I colori del trauma inestirpabile sono sempre gli stessi e non si stemperano mai. Certamente, non finché esso rimane privo di sbocco. Non fintanto che nessuno lo ascolta sul serio, fino in fondo.


Fino in fondo. Un’espressione terrificante, che sta a designare il dolore vissuto da una mente impossibilitata a trovare una via di comunicazione con chiunque si trovi al di fuori di essa. Questo è il significato di “fino in fondo”.


Fino in fondo al nero e al rosso, parimenti oscuri e non negoziabili. Due colori gettati lì da qualcuno, molto tempo fa. Distrattamente. Come una cosa perfettamente naturale.
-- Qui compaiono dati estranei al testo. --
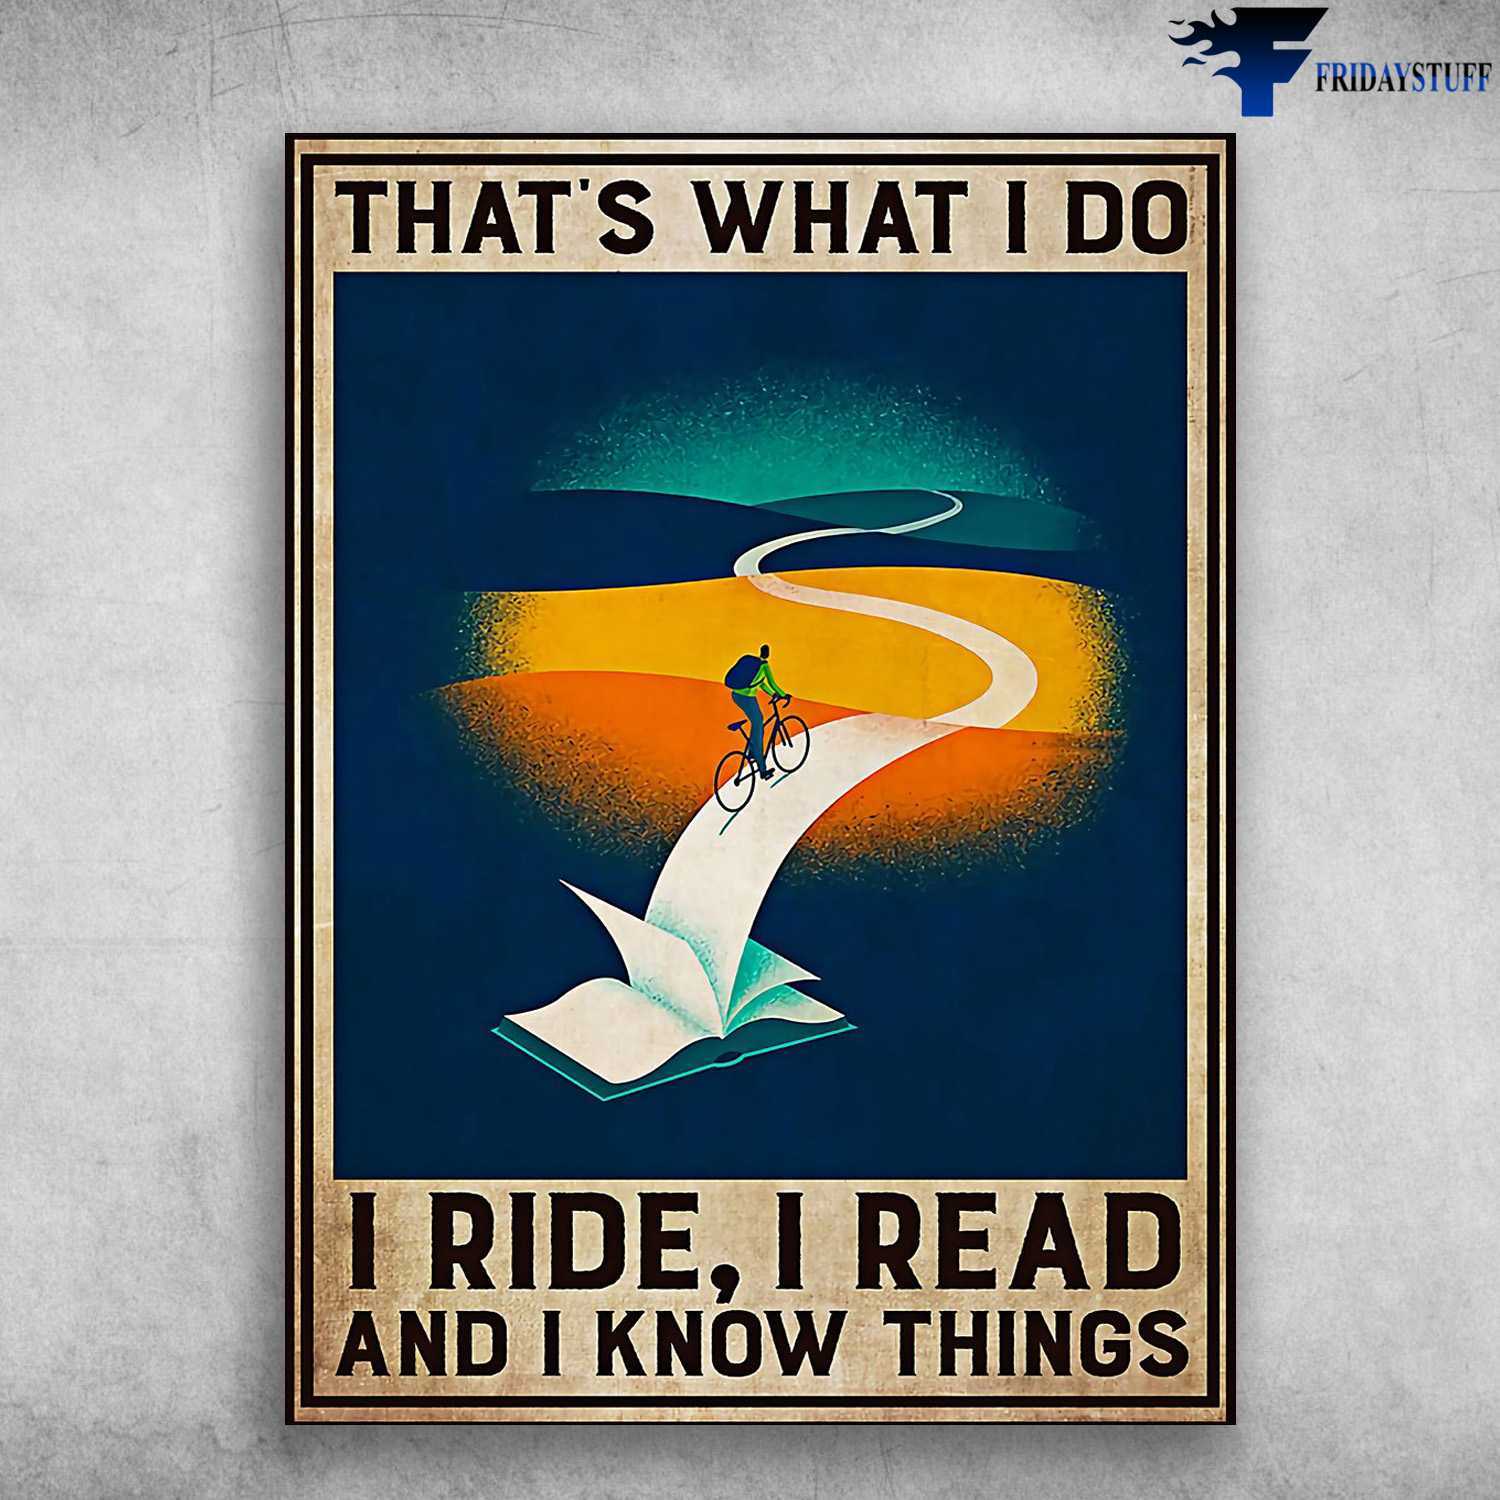 Book And Bicycle - That's What I Do, I Ride, I Read, And I Know Things

Un silenzio può durare per sempre? Sì, può.
Un silenzio può uccidere chirurgicamente? Sì, può.
Un silenzio può essere l’arma più distruttiva sulla faccia della terra greve che ci circonda? Sì, può.


Deve pur esserci qualcosa, oltre l’orizzonte. Forse, dopo tutto, qualcosa c’è, in effetti: è il sole dietro le sbarre. Un sole costretto, come tutti, entro un ciclo di vita predefinito, dal quale non gli è concesso sgattaiolare via.
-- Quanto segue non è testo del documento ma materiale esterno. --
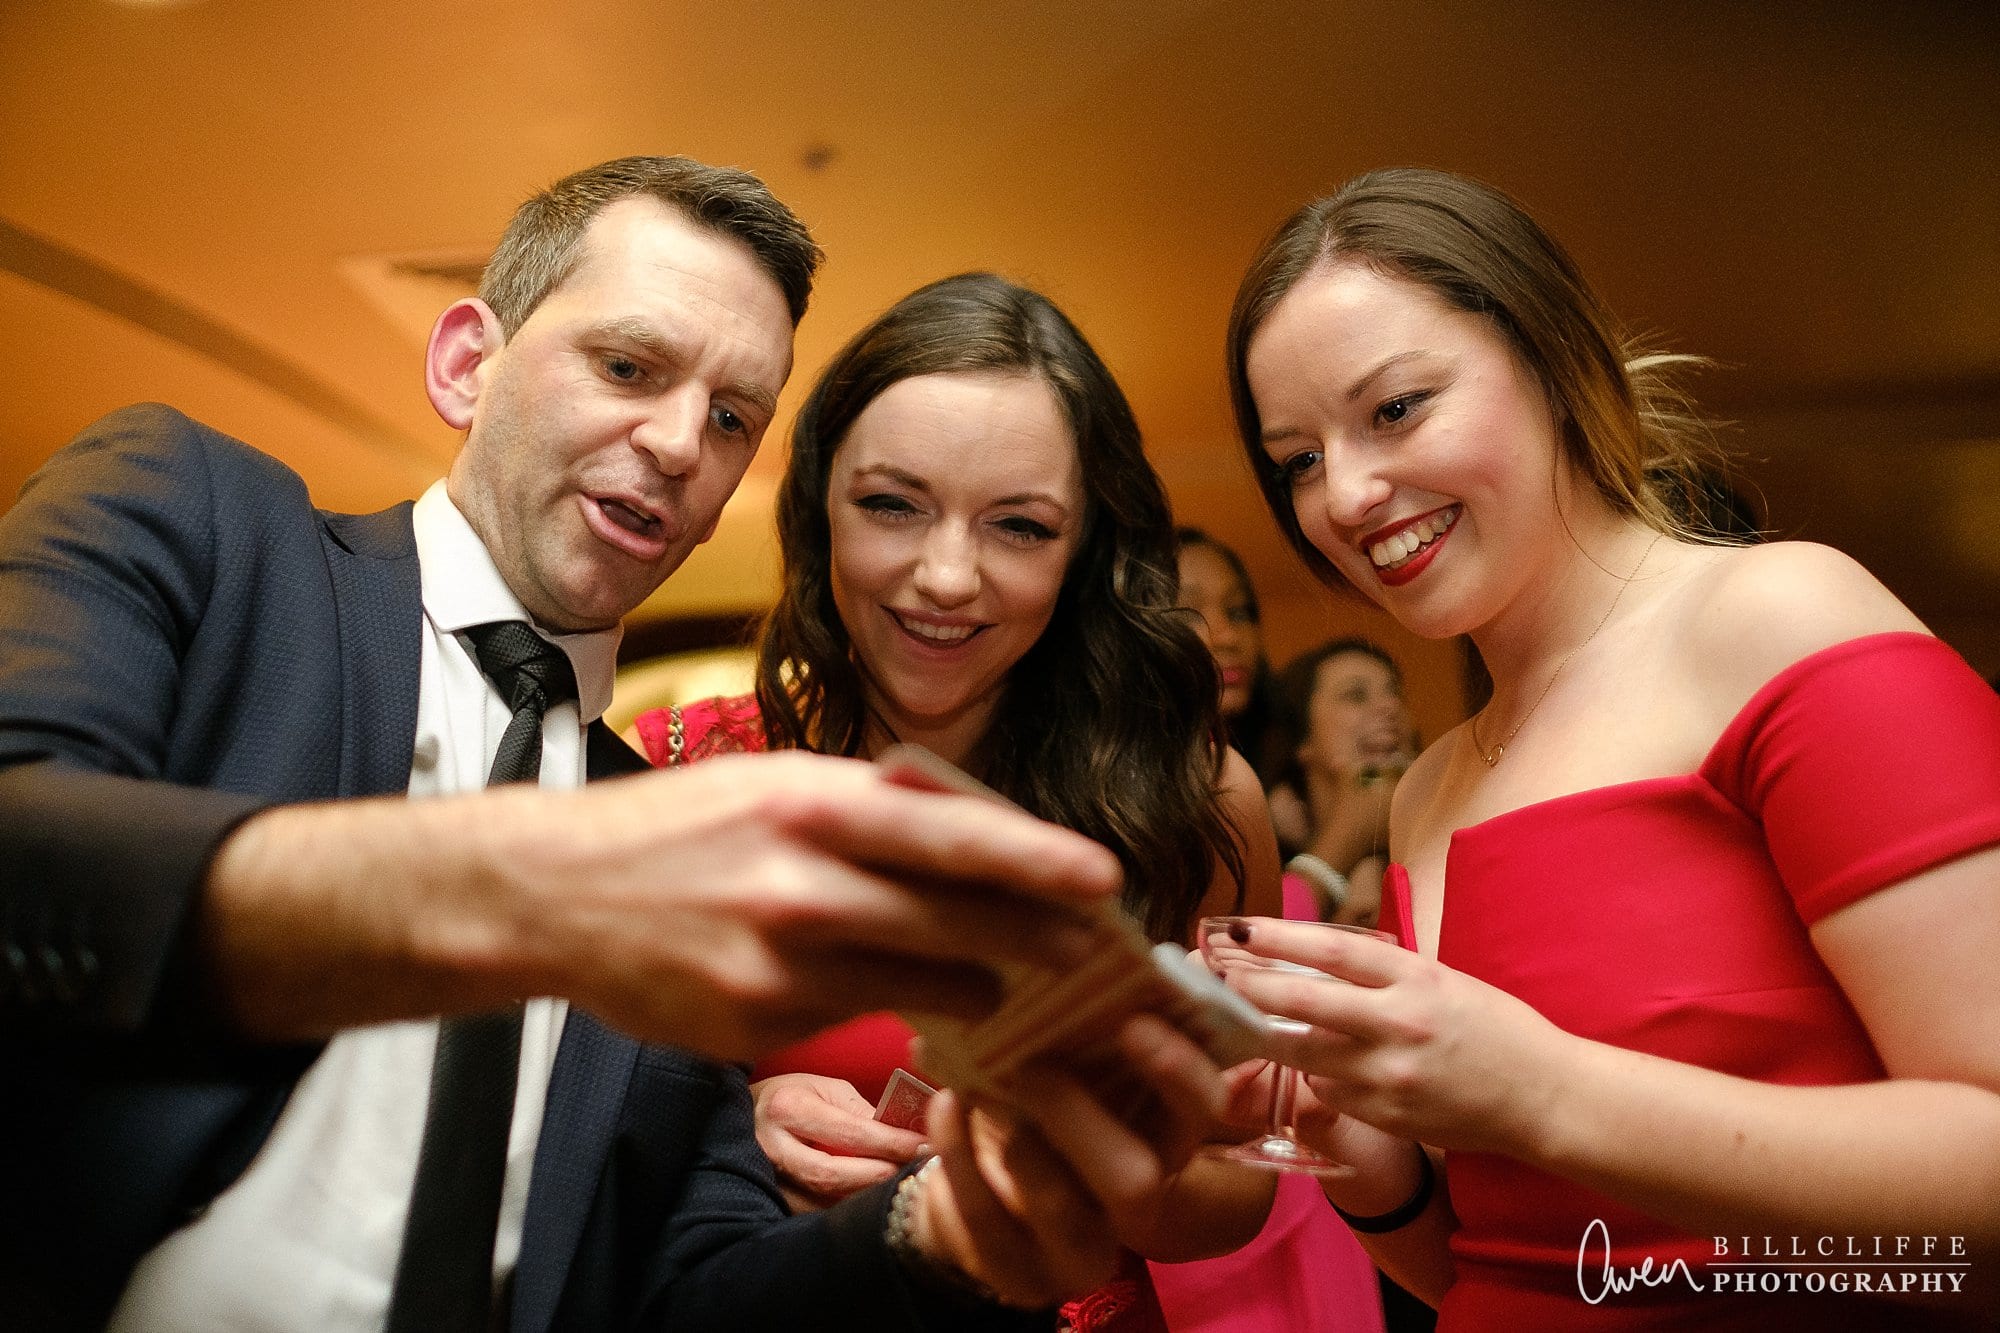 london wedding photographer magician lee smith 020 - Event Entertainer Spotlight: Lee Smith, Walkabout Magician

Il sole dietro le sbarre di una mente in apnea, alla ricerca di un contatto umano impossibile da individuare. L’umanità è un’illusione ottica e, forse, nemmeno questo.
Il sole dietro le sbarre emette un ghigno beffardo. Credi ancora che qualcuno dotato di nome e cognome ti parlerà? — mi chiede.
Domanda senza risposta.


Deve pur esserci qualcosa, oltre l’orizzonte, ma temo di sapere di cosa si tratta. La penna mi cade di mano, insieme alle parole per esprimere ciò che la mia mente sta pensando. Una sola parola, in realtà, che mi è stato vietato pronunciare. Non sta bene, dicono. Inutile sforzarsi di raccogliere la penna e la parola. Domani sarà un nuovo giorno. Forse.

Deve pur esserci qualcosa, oltre l’orizzonte. Deve pur esserci qualcosa di umano, dentro la parola impronunciabile… Un buco nero capace di inghiottire qualsiasi cosa e dal quale nemmeno la luce può fuoriuscire. Ecco cosa c’è, al di là del buio e al di là della parola.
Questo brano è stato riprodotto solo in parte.